OS variant SSH login user
Ubuntu 24.04 ubuntu

The security group must allow inbound TCP 22 (SSH) and 80 (basic-auth-gated REST API). Ports 8500 (gRPC) and 8501 (raw REST) are also published by the AMI for advanced use; restrict or remove those rules in production deployments and front everything through nginx.

ssh -i /path/to/your-key.pem ubuntu@<INSTANCE_PUBLIC_IP>

Retrieve the per-instance basic-auth password

On first boot the image generates a fresh per-instance basic-auth password and writes it (along with the resolved instance URL and a sample curl command) to /root/tensorflow-serving-credentials.txt, readable only by root:

sudo cat /root/tensorflow-serving-credentials.txt

Example output (the password is per-instance):

# TensorFlow Serving — Per-VM Credentials
TFSERVING_VERSION=latest
TFSERVING_REST_URL=http://<PUBLIC_IP>/v1
TFSERVING_GRPC_URL=<PUBLIC_IP>:8500
TFSERVING_SAMPLE_MODEL=half_plus_two
TFSERVING_SAMPLE_PREDICT_URL=http://<PUBLIC_IP>/v1/models/half_plus_two:predict
username=cloudimg
password=<TFSERVING_BASIC_AUTH_PASSWORD>

For shell pipelines, extract the password into a variable:

PASS=$(sudo awk -F= '/^password/{print $2}' /root/tensorflow-serving-credentials.txt)

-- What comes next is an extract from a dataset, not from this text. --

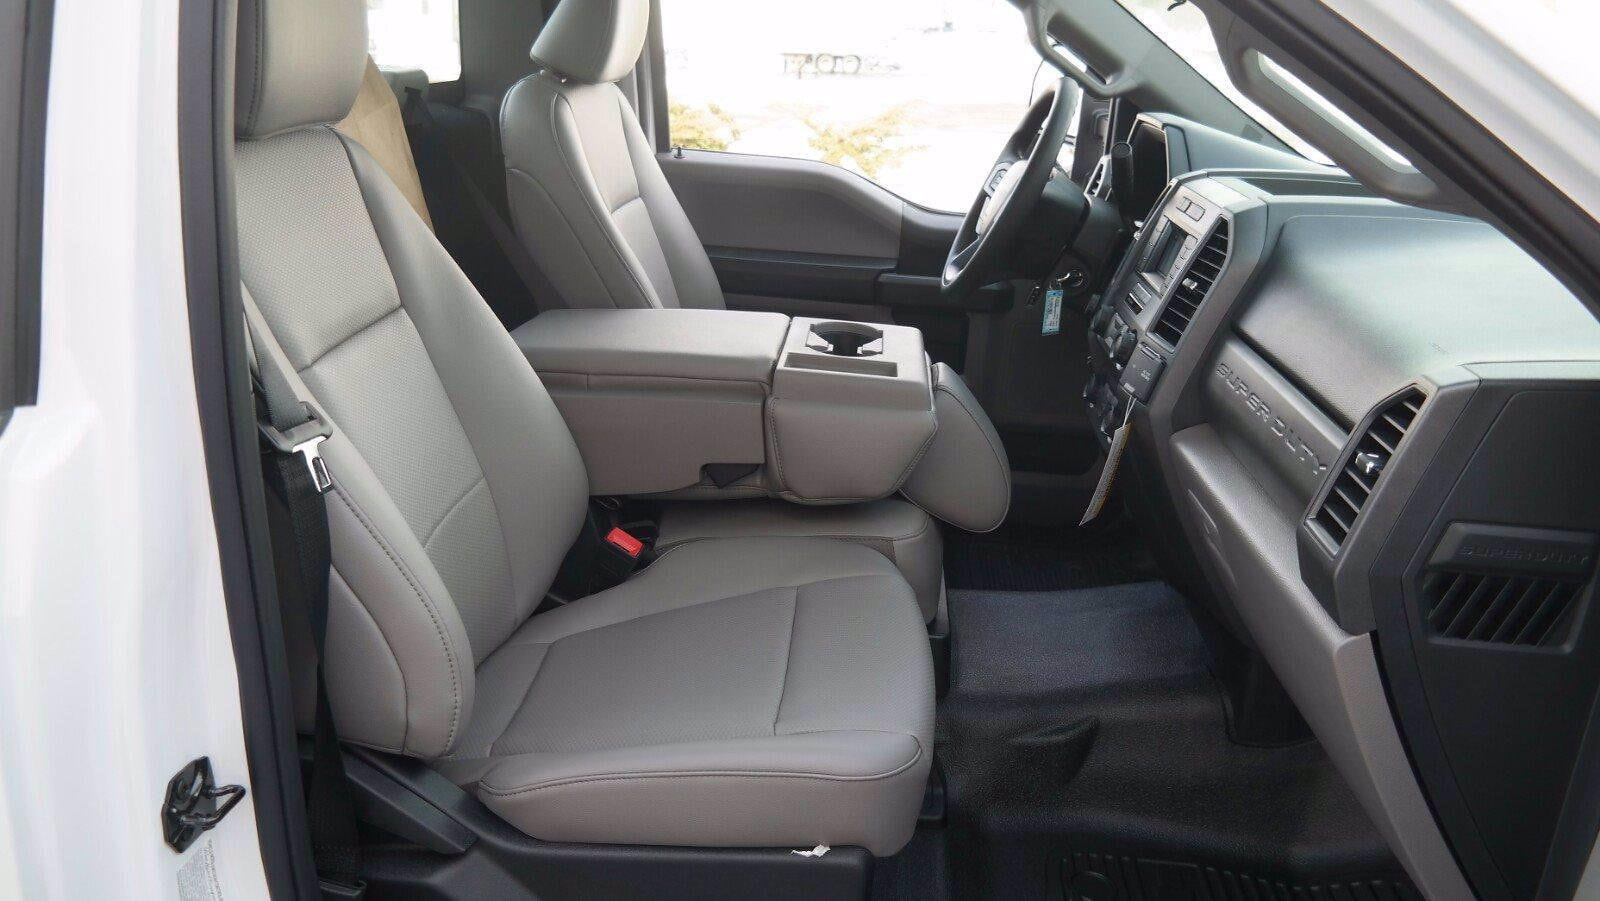 2021 Ford F-600 Regular Cab DRW 4x4, Cab Chassis #FLU10034 - photo 16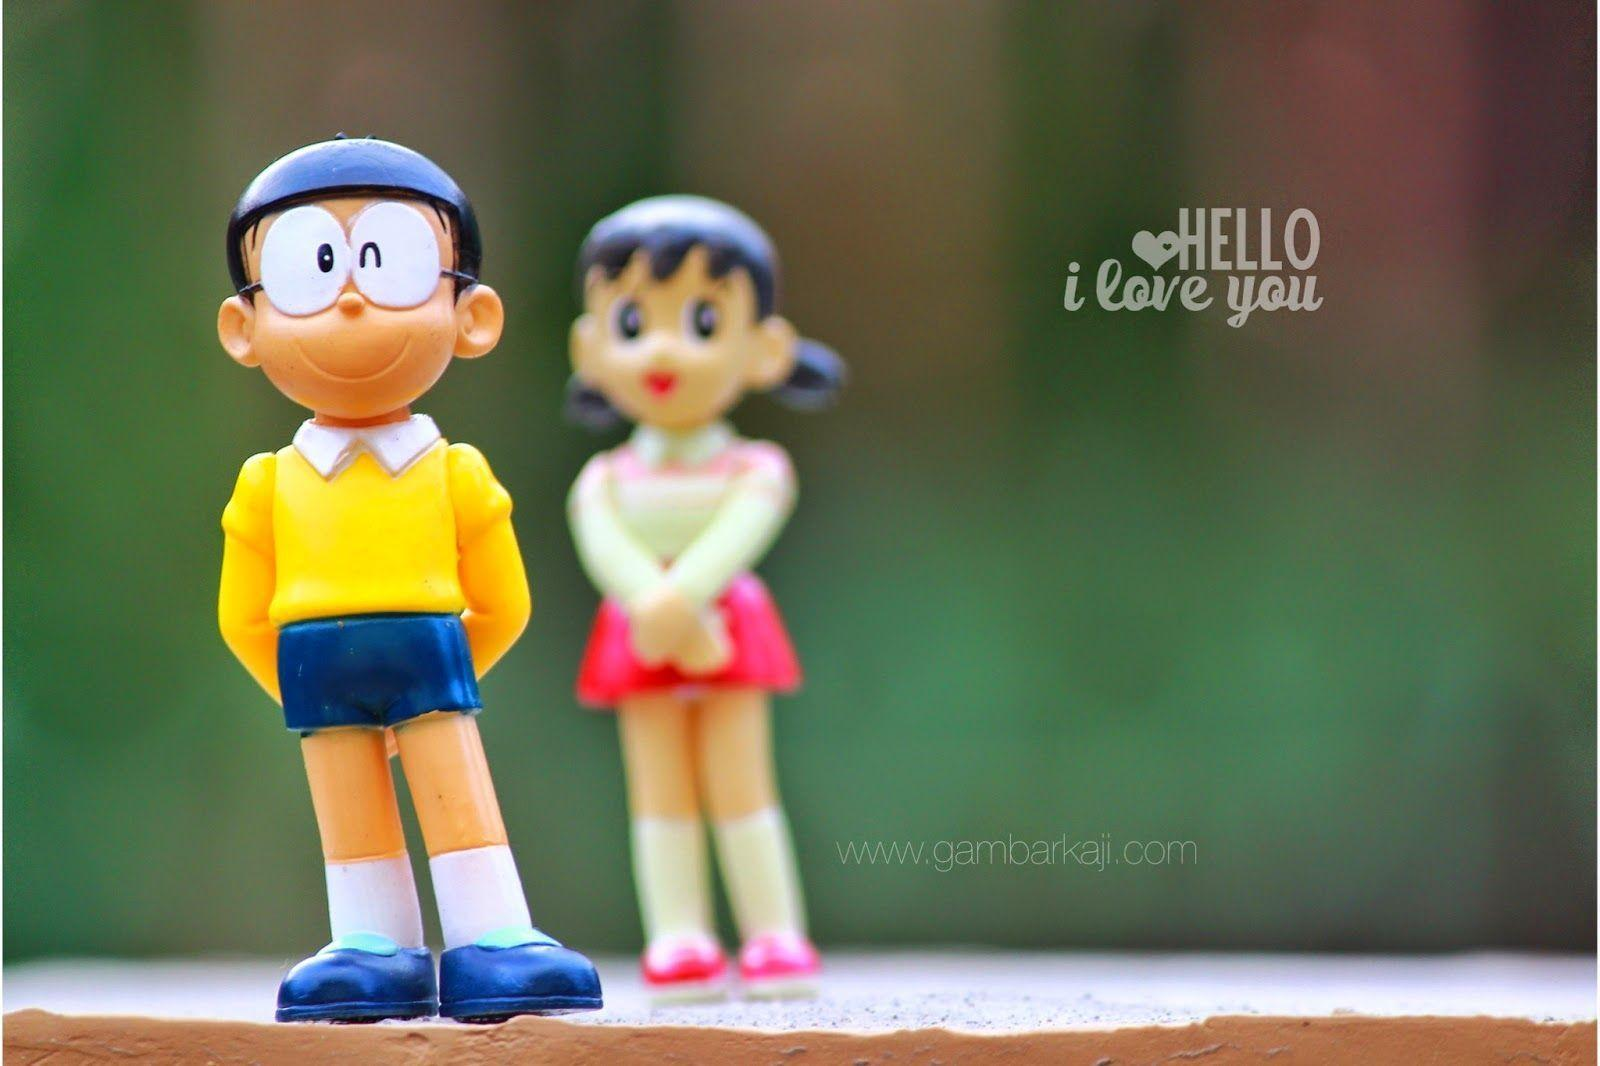 Doraemon Stand By Me 3D Photo HD Wallpaper Desktop Backgrounds Free

Check the bundled model is loaded

Query the TF Serving model status through the nginx basic-auth gateway on port 80:

curl -s -u cloudimg:$PASS http://127.0.0.1/v1/models/half_plus_two

You should see the bundled half_plus_two SavedModel reporting state=AVAILABLE:

{
 "model_version_status": [
  {
   "version": "1",
   "state": "AVAILABLE",
   "status": {
    "error_code": "OK",
    "error_message": ""
   }
  }
 ]
}

If the same request is made without basic auth, nginx returns HTTP 401:

curl -s -o /dev/null -w 'HTTP %{http_code}\n' http://127.0.0.1/v1/models/half_plus_two
HTTP 401

Run a prediction against the bundled model

The bundled SavedModel implements y = 0.5 * x + 2. Send three inputs through the predict endpoint and TF Serving returns one prediction per input:

curl -s -u cloudimg:$PASS -X POST -H 'Content-Type: application/json' \
  -d '{"instances":[1.0,2.0,5.0]}' \
  http://127.0.0.1/v1/models/half_plus_two:predict
{
    "predictions": [2.5, 3.0, 4.5
    ]
}

The output [2.5, 3.0, 4.5] confirms TF Serving correctly evaluates 0.5 * 1.0 + 2 = 2.5, 0.5 * 2.0 + 2 = 3.0, and 0.5 * 5.0 + 2 = 4.5.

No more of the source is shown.